Let $g:\mathbb R \to \mathbb R$ be a function and $a \in \mathbb R$. I would like to compute the limit $$\lim_{x \to a} \left(\sup_{0<t<1} |g(a+t(x-a))-g(a)|\right)$$
I would like to ask: WITHOUT the assumption that $g$ is continuous, is it correct to exchange the $\lim$ and $\sup$ as follows:
$$\lim_{x \to a} \left(\sup_{0<t<1} |g(a+t(x-a))-g(a)|\right) = \sup_{0<t<1} \lim_{x \to a} |g(a+t(x-a))-g(a)|$$
Thank you so much!
Sadly not. For instance, let $a=0$ and let $g(x)=0$ if $x$ is rational and $1$ otherwise.
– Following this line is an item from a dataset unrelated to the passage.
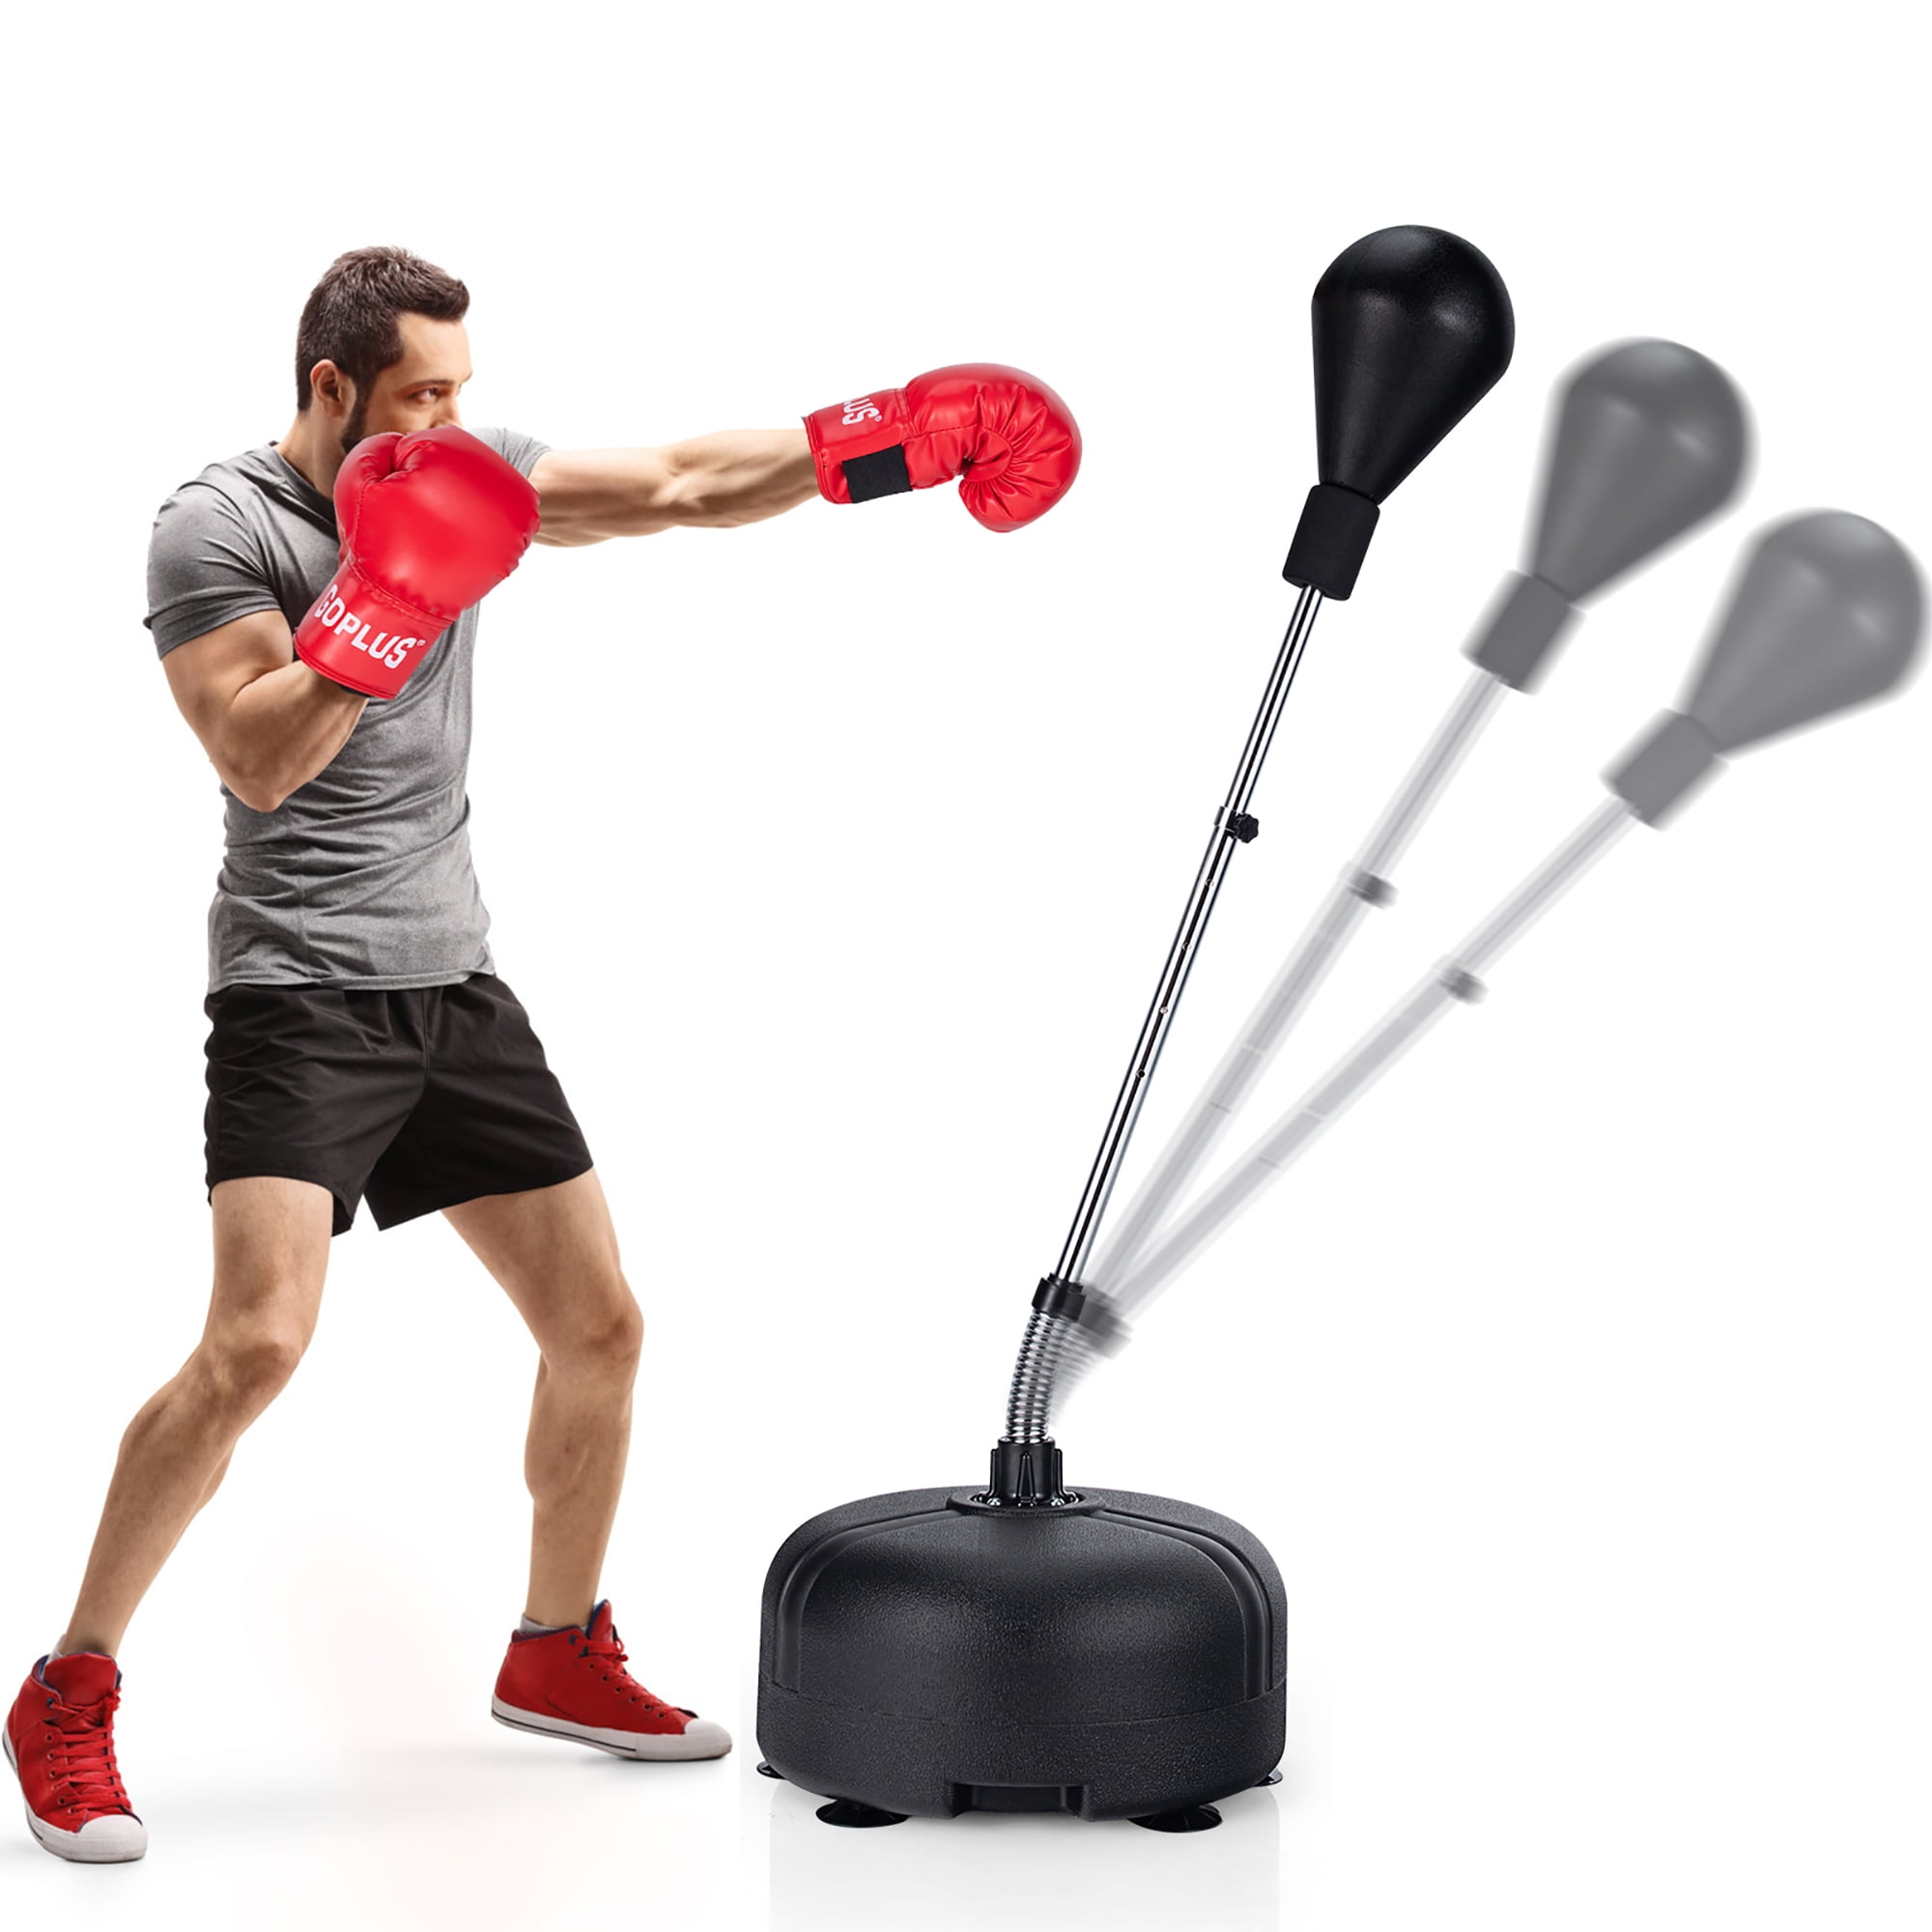 Free Standing Punching Speed Ball Boxing Adjustable Training Reflex Punching Bag

Then the question becomes if \begin{equation} \lim_{x\to 0} \sup_{0<t<1} \vert g(tx)\vert=\sup_{0<t<1}\lim_{x\to 0} \vert g(tx)\vert. \end{equation} But the left side is $1$, as for any $x\neq 0$, there is some number $tx$ that is irrational with $t\in (0,1)$, while the right side is not defined as the inner limit is not defined for any fixed $t\in (0,1)$.